<<<<
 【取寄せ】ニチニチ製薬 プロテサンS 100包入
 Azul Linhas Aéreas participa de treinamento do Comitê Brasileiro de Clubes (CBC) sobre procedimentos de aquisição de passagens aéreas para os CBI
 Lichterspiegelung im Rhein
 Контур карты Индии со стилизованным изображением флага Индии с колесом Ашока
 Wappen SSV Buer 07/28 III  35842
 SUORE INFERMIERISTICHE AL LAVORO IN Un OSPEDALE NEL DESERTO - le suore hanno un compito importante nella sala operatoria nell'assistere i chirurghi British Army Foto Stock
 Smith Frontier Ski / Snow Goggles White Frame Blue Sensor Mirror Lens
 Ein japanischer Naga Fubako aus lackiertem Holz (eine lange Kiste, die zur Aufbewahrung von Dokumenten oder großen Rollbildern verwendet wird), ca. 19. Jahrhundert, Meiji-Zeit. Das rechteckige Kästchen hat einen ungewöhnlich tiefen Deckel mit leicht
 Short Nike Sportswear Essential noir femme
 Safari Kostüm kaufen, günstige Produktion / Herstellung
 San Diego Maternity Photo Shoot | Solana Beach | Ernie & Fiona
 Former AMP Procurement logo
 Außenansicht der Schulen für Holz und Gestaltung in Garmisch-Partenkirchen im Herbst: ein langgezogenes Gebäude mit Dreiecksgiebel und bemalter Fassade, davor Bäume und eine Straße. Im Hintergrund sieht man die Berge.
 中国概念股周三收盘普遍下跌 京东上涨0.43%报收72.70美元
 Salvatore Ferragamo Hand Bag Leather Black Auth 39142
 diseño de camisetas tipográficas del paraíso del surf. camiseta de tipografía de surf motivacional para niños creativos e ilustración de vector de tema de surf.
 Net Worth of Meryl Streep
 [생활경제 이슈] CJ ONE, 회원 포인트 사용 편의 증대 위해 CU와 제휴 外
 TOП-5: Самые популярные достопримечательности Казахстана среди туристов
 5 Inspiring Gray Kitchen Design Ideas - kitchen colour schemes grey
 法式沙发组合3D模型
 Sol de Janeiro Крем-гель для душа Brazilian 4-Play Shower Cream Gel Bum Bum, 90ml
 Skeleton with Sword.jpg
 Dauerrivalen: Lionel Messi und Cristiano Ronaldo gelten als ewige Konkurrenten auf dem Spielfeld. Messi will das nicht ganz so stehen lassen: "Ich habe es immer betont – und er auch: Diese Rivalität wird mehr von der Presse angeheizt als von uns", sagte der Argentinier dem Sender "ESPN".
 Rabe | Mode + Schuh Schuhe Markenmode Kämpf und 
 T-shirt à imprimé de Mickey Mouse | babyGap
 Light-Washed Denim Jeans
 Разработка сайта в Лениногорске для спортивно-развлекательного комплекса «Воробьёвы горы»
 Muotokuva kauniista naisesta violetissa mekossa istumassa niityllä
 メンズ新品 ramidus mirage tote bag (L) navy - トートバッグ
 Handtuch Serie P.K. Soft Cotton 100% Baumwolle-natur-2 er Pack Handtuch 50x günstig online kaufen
>>>>
**What to produce:** Could every entry be given again exactly, with no line skipped?

**Result below:**
 【取寄せ】ニチニチ製薬 プロテサンS 100包入
 Azul Linhas Aéreas participa de treinamento do Comitê Brasileiro de Clubes (CBC) sobre procedimentos de aquisição de passagens aéreas para os CBI
 Lichterspiegelung im Rhein
 Контур карты Индии со стилизованным изображением флага Индии с колесом Ашока
 Wappen SSV Buer 07/28 III  35842
 SUORE INFERMIERISTICHE AL LAVORO IN Un OSPEDALE NEL DESERTO - le suore hanno un compito importante nella sala operatoria nell'assistere i chirurghi British Army Foto Stock
 Smith Frontier Ski / Snow Goggles White Frame Blue Sensor Mirror Lens
 Ein japanischer Naga Fubako aus lackiertem Holz (eine lange Kiste, die zur Aufbewahrung von Dokumenten oder großen Rollbildern verwendet wird), ca. 19. Jahrhundert, Meiji-Zeit. Das rechteckige Kästchen hat einen ungewöhnlich tiefen Deckel mit leicht
 Short Nike Sportswear Essential noir femme
 Safari Kostüm kaufen, günstige Produktion / Herstellung
 San Diego Maternity Photo Shoot | Solana Beach | Ernie & Fiona
 Former AMP Procurement logo
 Außenansicht der Schulen für Holz und Gestaltung in Garmisch-Partenkirchen im Herbst: ein langgezogenes Gebäude mit Dreiecksgiebel und bemalter Fassade, davor Bäume und eine Straße. Im Hintergrund sieht man die Berge.
 中国概念股周三收盘普遍下跌 京东上涨0.43%报收72.70美元
 Salvatore Ferragamo Hand Bag Leather Black Auth 39142
 diseño de camisetas tipográficas del paraíso del surf. camiseta de tipografía de surf motivacional para niños creativos e ilustración de vector de tema de surf.
 Net Worth of Meryl Streep
 [생활경제 이슈] CJ ONE, 회원 포인트 사용 편의 증대 위해 CU와 제휴 外
 TOП-5: Самые популярные достопримечательности Казахстана среди туристов
 5 Inspiring Gray Kitchen Design Ideas - kitchen colour schemes grey
 法式沙发组合3D模型
 Sol de Janeiro Крем-гель для душа Brazilian 4-Play Shower Cream Gel Bum Bum, 90ml
 Skeleton with Sword.jpg
 Dauerrivalen: Lionel Messi und Cristiano Ronaldo gelten als ewige Konkurrenten auf dem Spielfeld. Messi will das nicht ganz so stehen lassen: "Ich habe es immer betont – und er auch: Diese Rivalität wird mehr von der Presse angeheizt als von uns", sagte der Argentinier dem Sender "ESPN".
 Rabe | Mode + Schuh Schuhe Markenmode Kämpf und 
 T-shirt à imprimé de Mickey Mouse | babyGap
 Light-Washed Denim Jeans
 Разработка сайта в Лениногорске для спортивно-развлекательного комплекса «Воробьёвы горы»
 Muotokuva kauniista naisesta violetissa mekossa istumassa niityllä
 メンズ新品 ramidus mirage tote bag (L) navy - トートバッグ
 Handtuch Serie P.K. Soft Cotton 100% Baumwolle-natur-2 er Pack Handtuch 50x günstig online kaufen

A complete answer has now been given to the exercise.